Tony is so startled he fumbles with the wrench, nearly drops it; Layla catches it and hands it back to him without meeting his eyes. She’s thinking of something, but he can’t guess what it is. A lot of the time, she’s like him: straightforward. It’s simple, since they’ll both tell the other when they’re angry, when they’re hurting, when they think something needs to change.
This is new. And it didn’t come from nowhere, he knows that, but he can’t for the life of him figure out where it was.
“I’d miss you?” he asks in bemusement. “And could you send Cisco in to help me instead—”
“You know what I mean, Toretto.” She rolls her eyes, a bit of an edge to her voice. “If I left. If I just… up and go. What then?”
He doesn’t want to think about this—doesn’t know why she wants to think about it, either. But it’s already started. He tightens the bolt, taking his time to think. If she wants a serious answer, he needs to figure out the right one.
“I’d apologize until you came back,” he settles on instead.
Layla raises one eyebrow. “So you did something wrong, in this scenario.”
“You’re not giving me much to work with here, Layla.” It also means, though, that it isn’t the scenario she’s thinking of. It makes his throat tight. Means she’s thinking about something that he’s not. “I was thinking you’d leave because I did something wrong. Why else would you up and go?”
Layla glances uneasily out the window. Into the distance. “I don’t know. Maybe… because I’m not meant to stay in one place for too long.” Her eyes are a little glassy, as if she’s picturing it. He is. Running out the open garage door without a word. Foot to the gas pedal, tossing a goodbye over her shoulder like it’s an ordinary thing to leave. Gone in a squeal of tires, a cloud of smoke. Gone.
It makes his stomach flip. She’s done that before, but he knew, even if she didn’t, that it was a ‘later’, not a ‘goodbye forever’. That’s what she’s talking about, and he can’t picture it.
“I’d convince you to stay,” Tony says; her eyes jerk over to him, abrupt, a little startled, and he tightens his hold on the wrench to keep from doing something stupid like taking her hand. She looks like a rodeo horse, ready to spook, ready to bolt. He needs to convince her without scaring her right out the door. “That… That nothing you did or could do would make us want you to go. That you make us better and we need you to stay.”
Layla blinks, a little color rising in her cheeks, and her hand shifts on the edge of the engine. Towards him, then away. Maybe he should take her hand… no. She doesn’t take his. “That’s not the same thing,” she starts, and then stops herself uneasily. “I’m… I’m not a selfless person, Toretto. I don’t know if you convincing me that you want me would… keep me from doing something bad.”

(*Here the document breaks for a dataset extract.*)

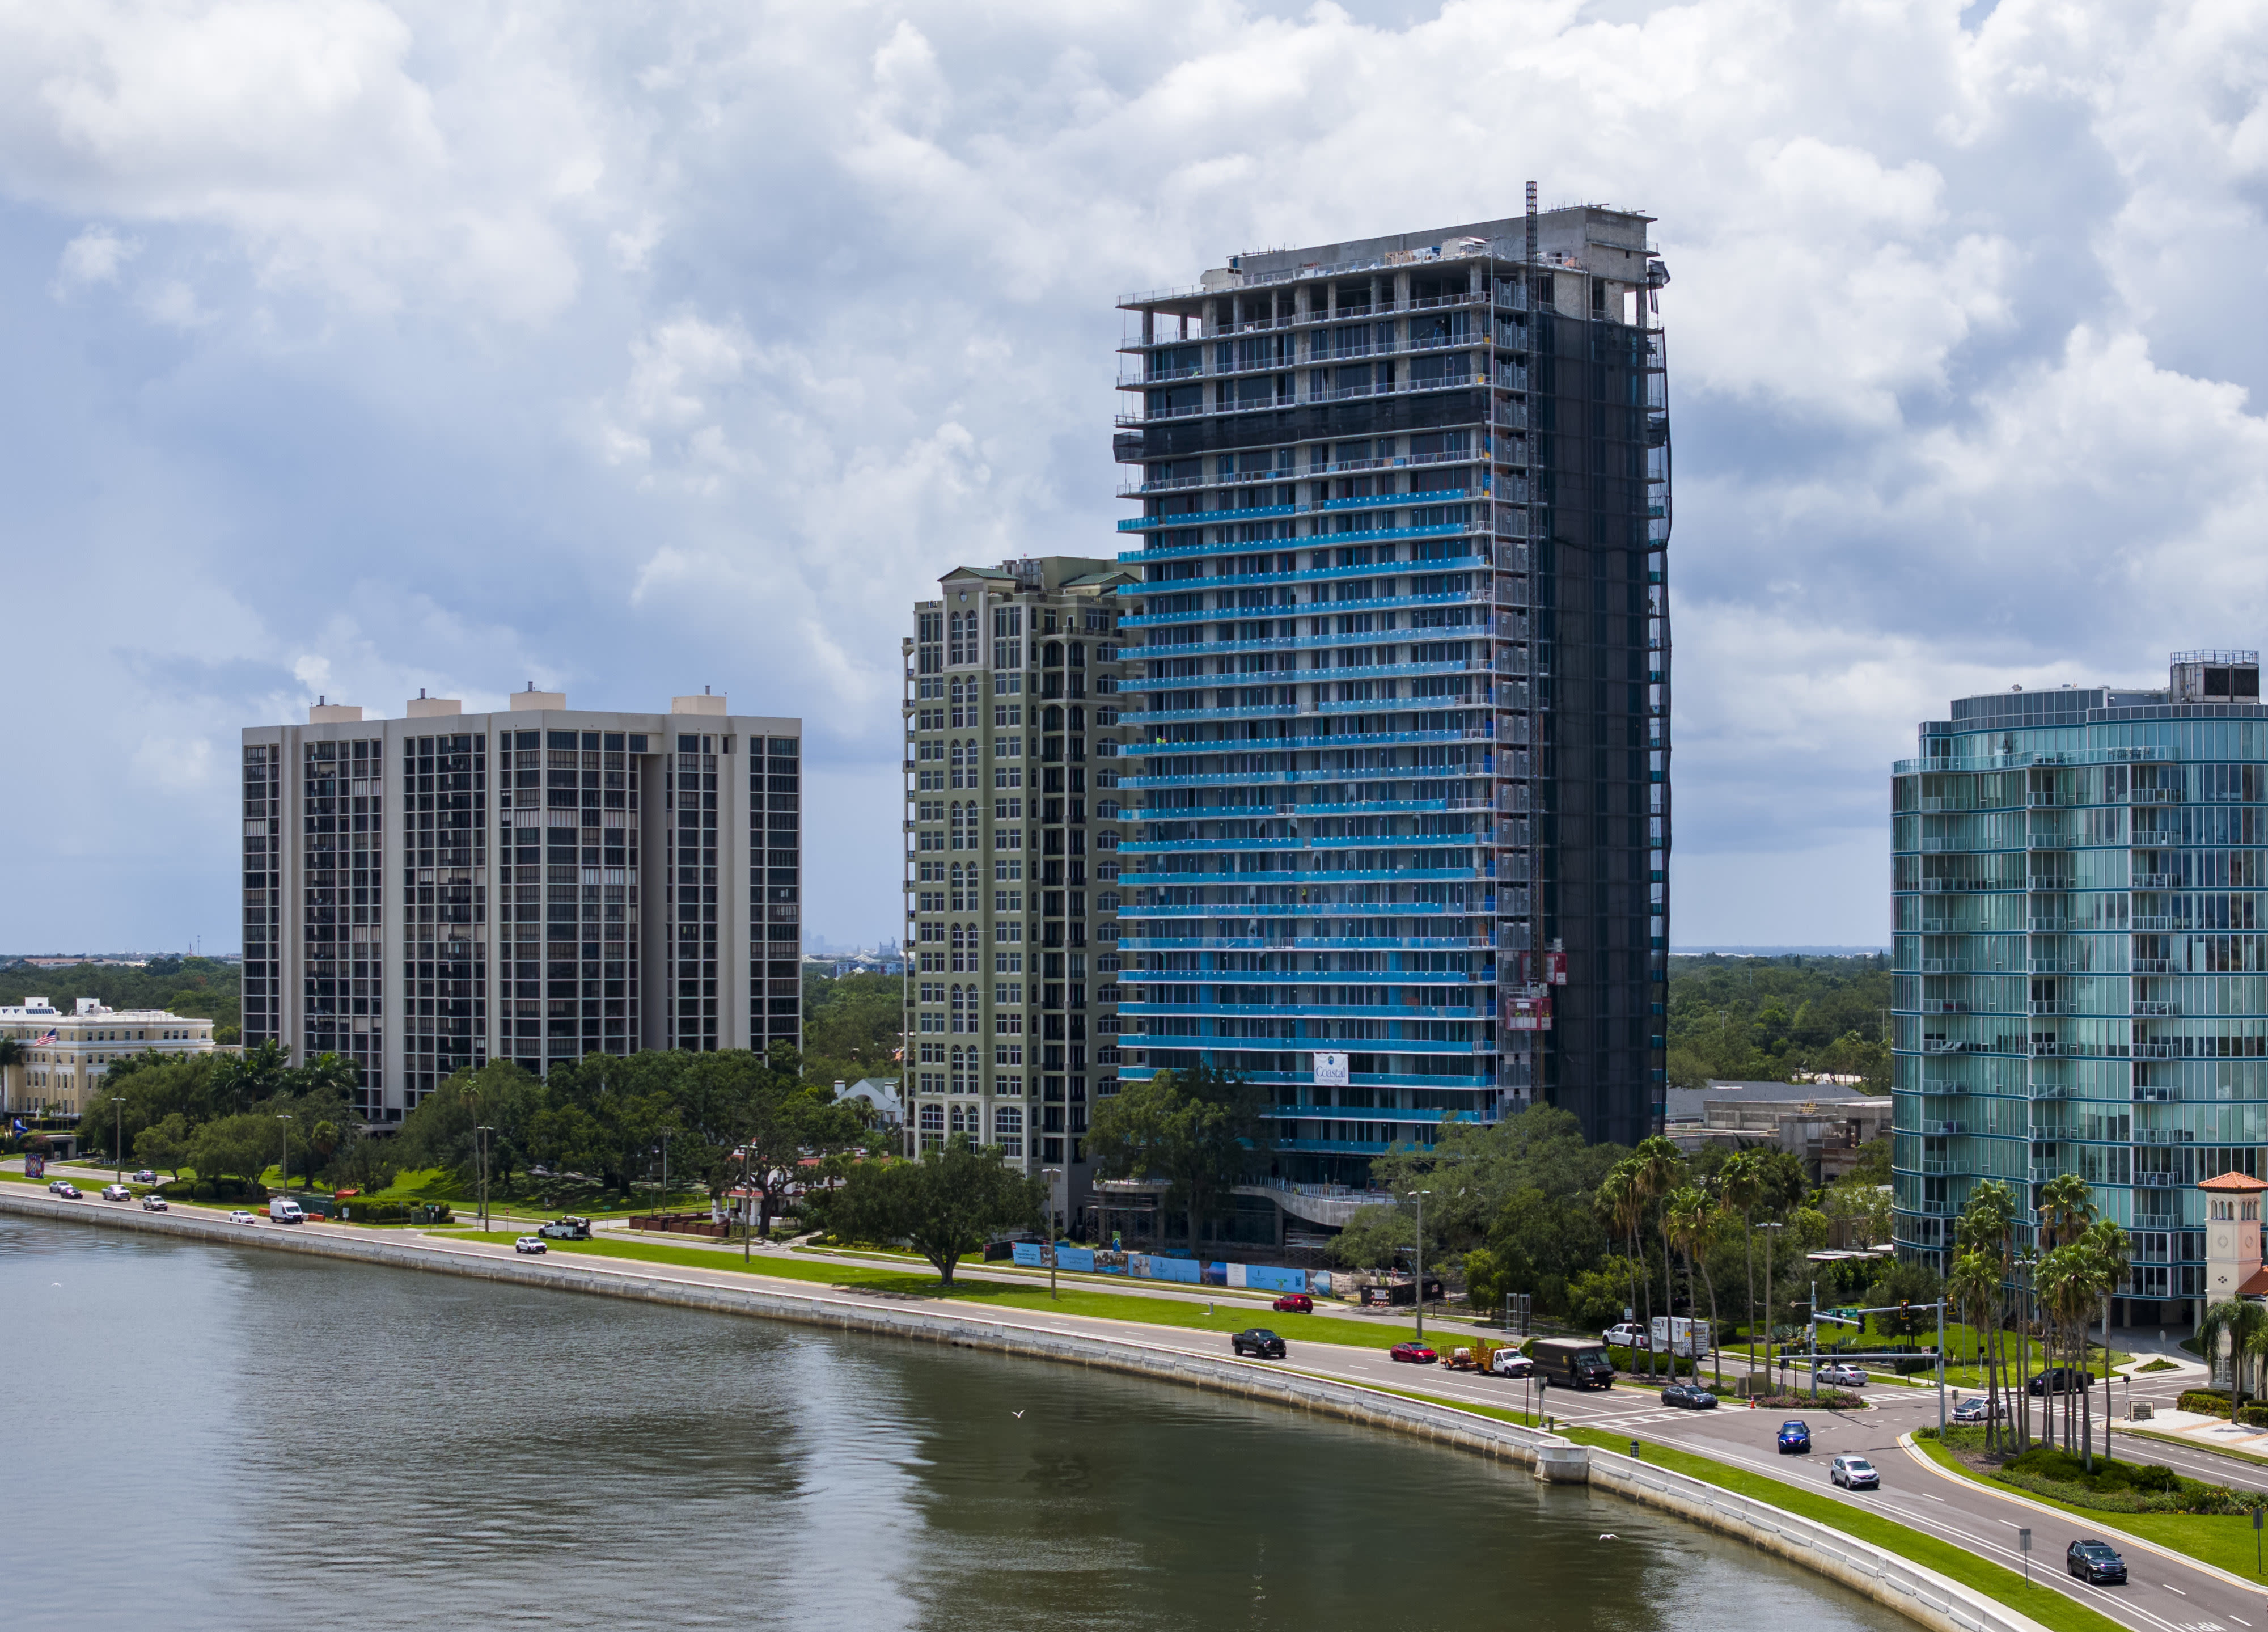 Is Tampa the next Miami? Related Group CEO Jorge Pérez weighs in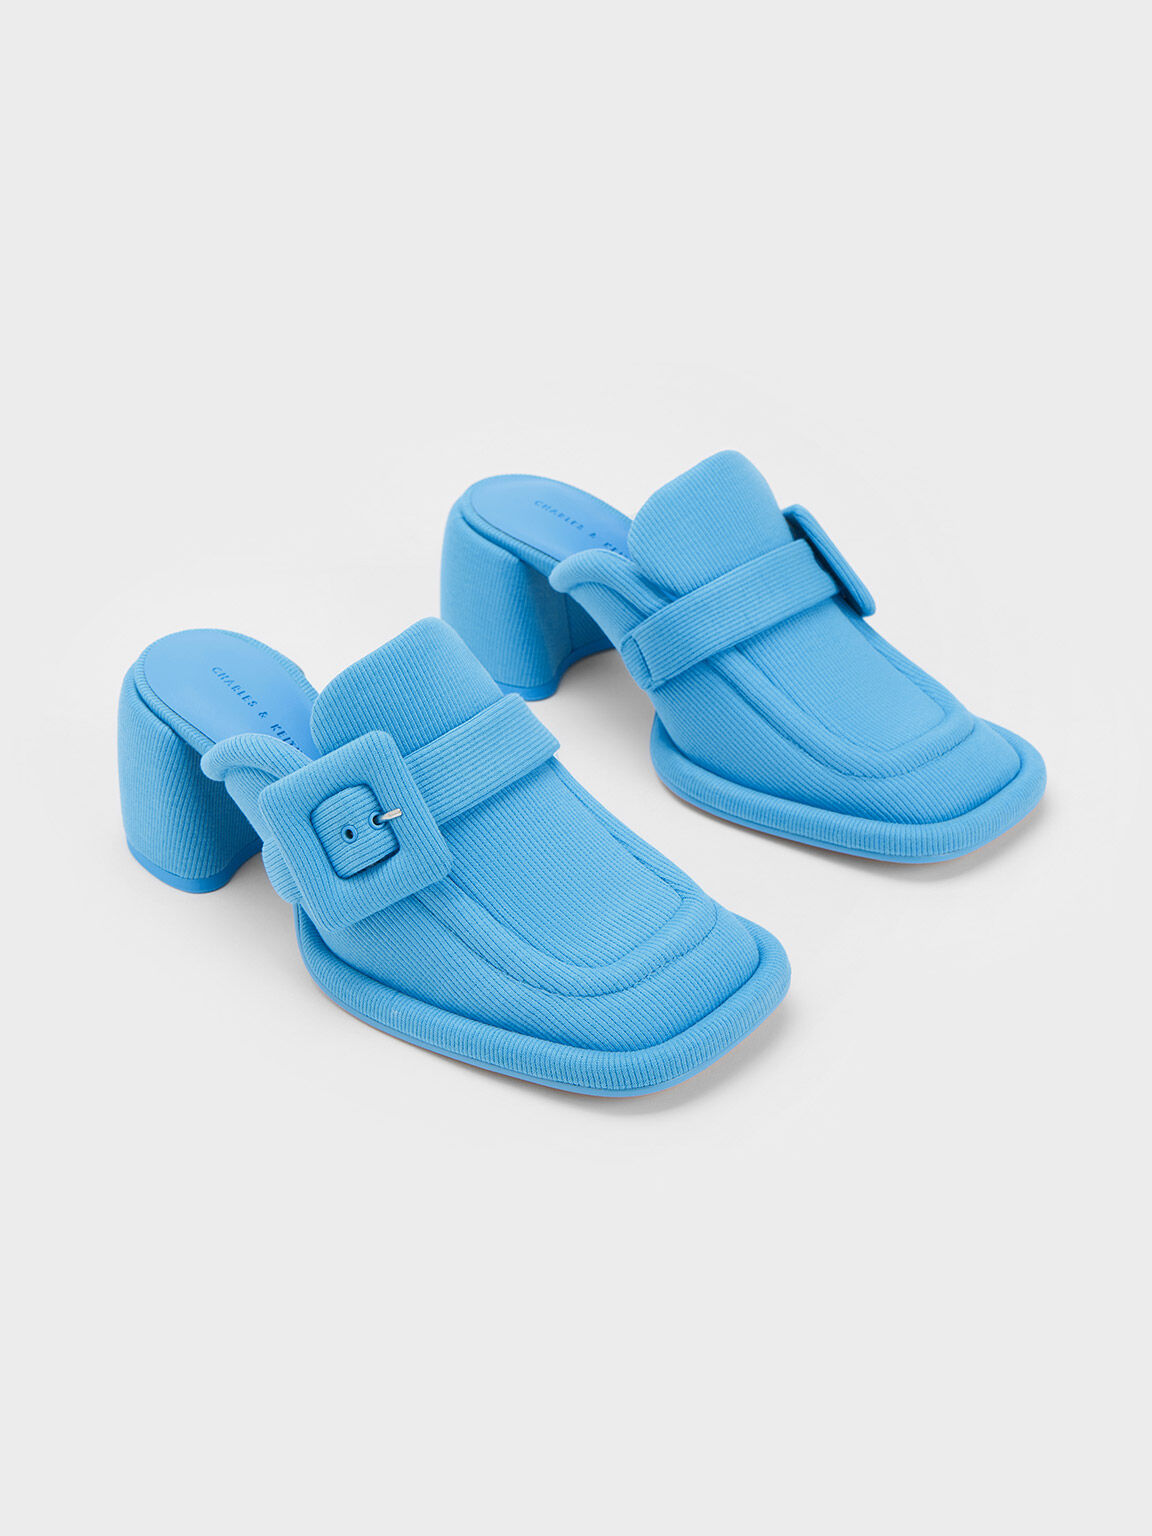 Sinead Woven Buckled Loafer Mules, Blue, hi-res

She has the itch, then. To go and just… keep going. If he’s honest, it grips him sometimes, too. He feels the motor purring underneath him, sees the open road… and his responsibilities are a parachute strapped to his back, pulling him back, slowing him down. And he has that thought: I could go. Leave all of this. Be out for myself and no one else, do whatever I wanted. Be really, truly free.
For him, it’s the thought of being alone that keeps him back. But Layla has never stayed in one place for too long. It’s different for her, and every time he thinks he understands that she tells him just how different their lives have been. She couldn’t rely on anyone.
But she can now. He works up his nerve, dropping the wrench, and puts his hand on top of hers. She doesn’t pull away, but turns it over, taking his hand too, and looks up at him. Waiting. Paying him full, complete attention.
Stay, he wants to tell her, but that isn’t what Layla needs to hear. That feels like obligation she could break, trust she could shatter, a prison that she fears.
She needs a safety net.
“I’d let you leave,” Tony says, earnest, trying to mean every word because Layla deserves the truth. “If that was what you really needed. But if you ever needed us, we’d be there—just like in Rio. Because even if we’re not your family… you’re ours.”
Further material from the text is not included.